Marzia è citata anche come scultrice dell'avorio dallo stesso Plinio e, molti secoli dopo, da Giovanni Boccaccio che riprende le notizie proprio dalla "Naturalis Historia" di Plinio.
Bisogna ricordare che Boccaccio nel 1361 scrisse un testo intitolato "De mulieribus claris" (Sulle donne celebri), che riporta più di un centinaio di biografie femminili; proprio grazie a questo libro alcuni studiosi hanno potuto rinvenire delle notizie interessanti proprio riguardo a certe pittrici dell'antichità di cui abitualmente non si ha contezza.
È piuttosto curioso, per l'epoca, che un autore si interessasse ad un resoconto testuale tutto al femminile, anche se non possiamo trascurare che Boccaccio scrisse l'opera proprio per evidenziare la volubilità e la natura alquanto viziosa delle donne.
Al quel tempo visse una scrittrice (attiva anche nell'ambiente dei codici miniate, da laica) che volle realizzare "La città delle dame" un testo in risposta al "De mulieribus claris": il suo nome era Christine de Pizan e appartenne al XIV secolo.
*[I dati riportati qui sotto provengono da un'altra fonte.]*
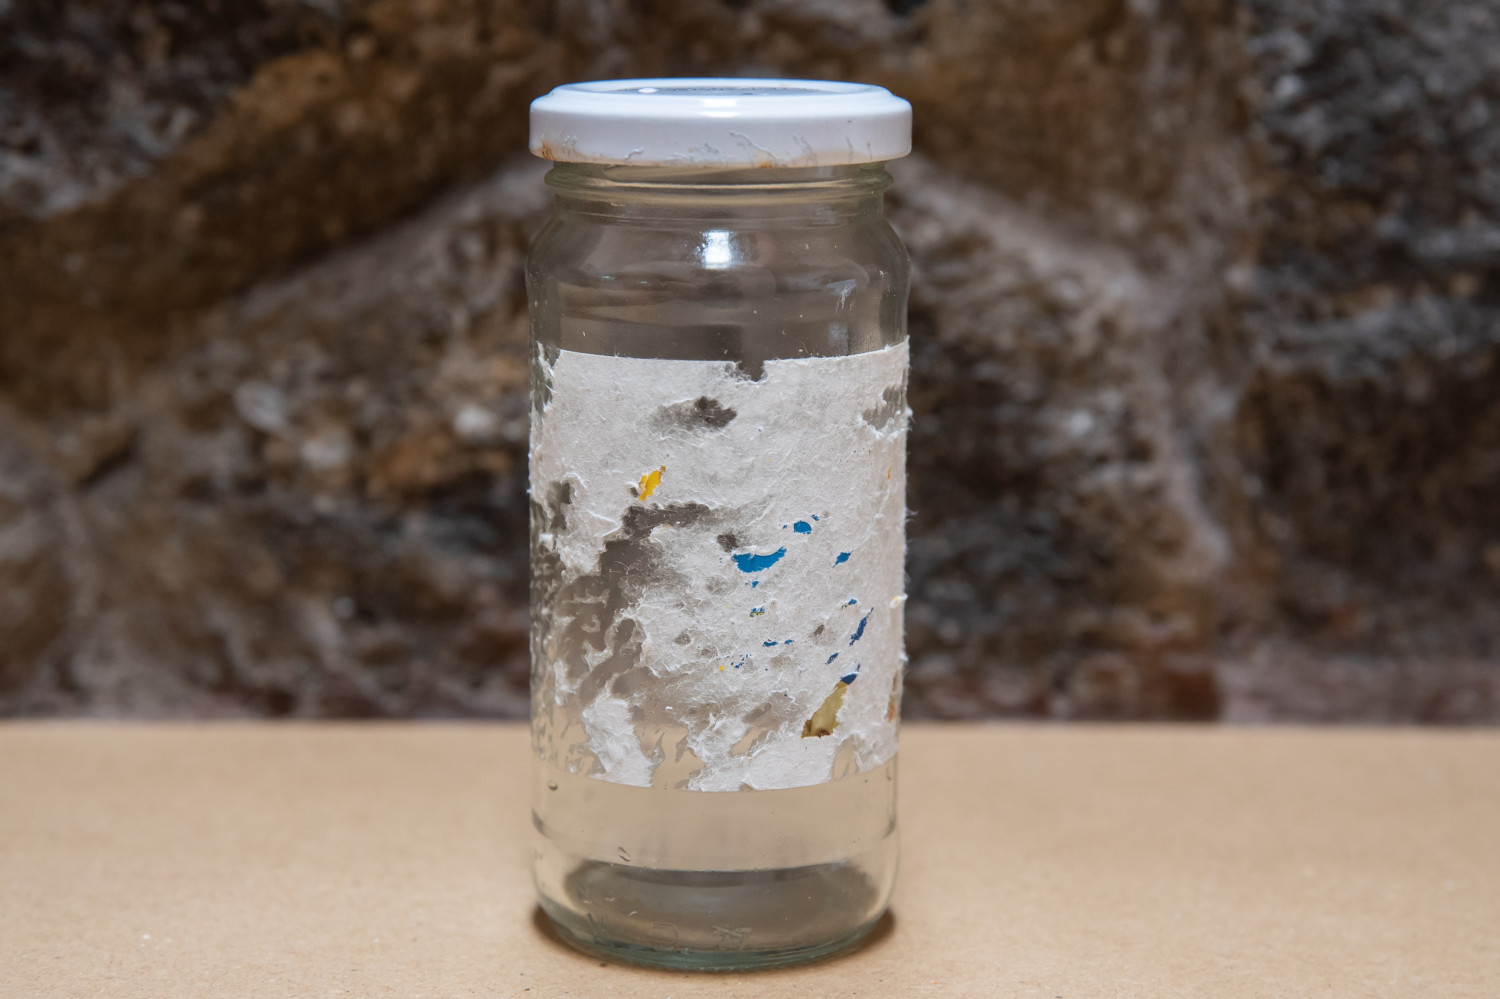 Sticker residue left on glass jar

                                                        "The Mulieribus City" Acquarello digitale, con supporto IA, di A.R.D. Anno 2025

Scavando perciò nelle carte antiche, conservate durante il corso dei secoli, dapprima nei conventi, in seguito nelle biblioteche, si potranno ottenere sempre maggiori conferme di una concreta attività femminile nel mondo dell'arte, sebbene sempre con ruoli di secondo piano.
Sarebbe interessante conoscere la realtà del mondo orientale antico di cui non si sa gran che.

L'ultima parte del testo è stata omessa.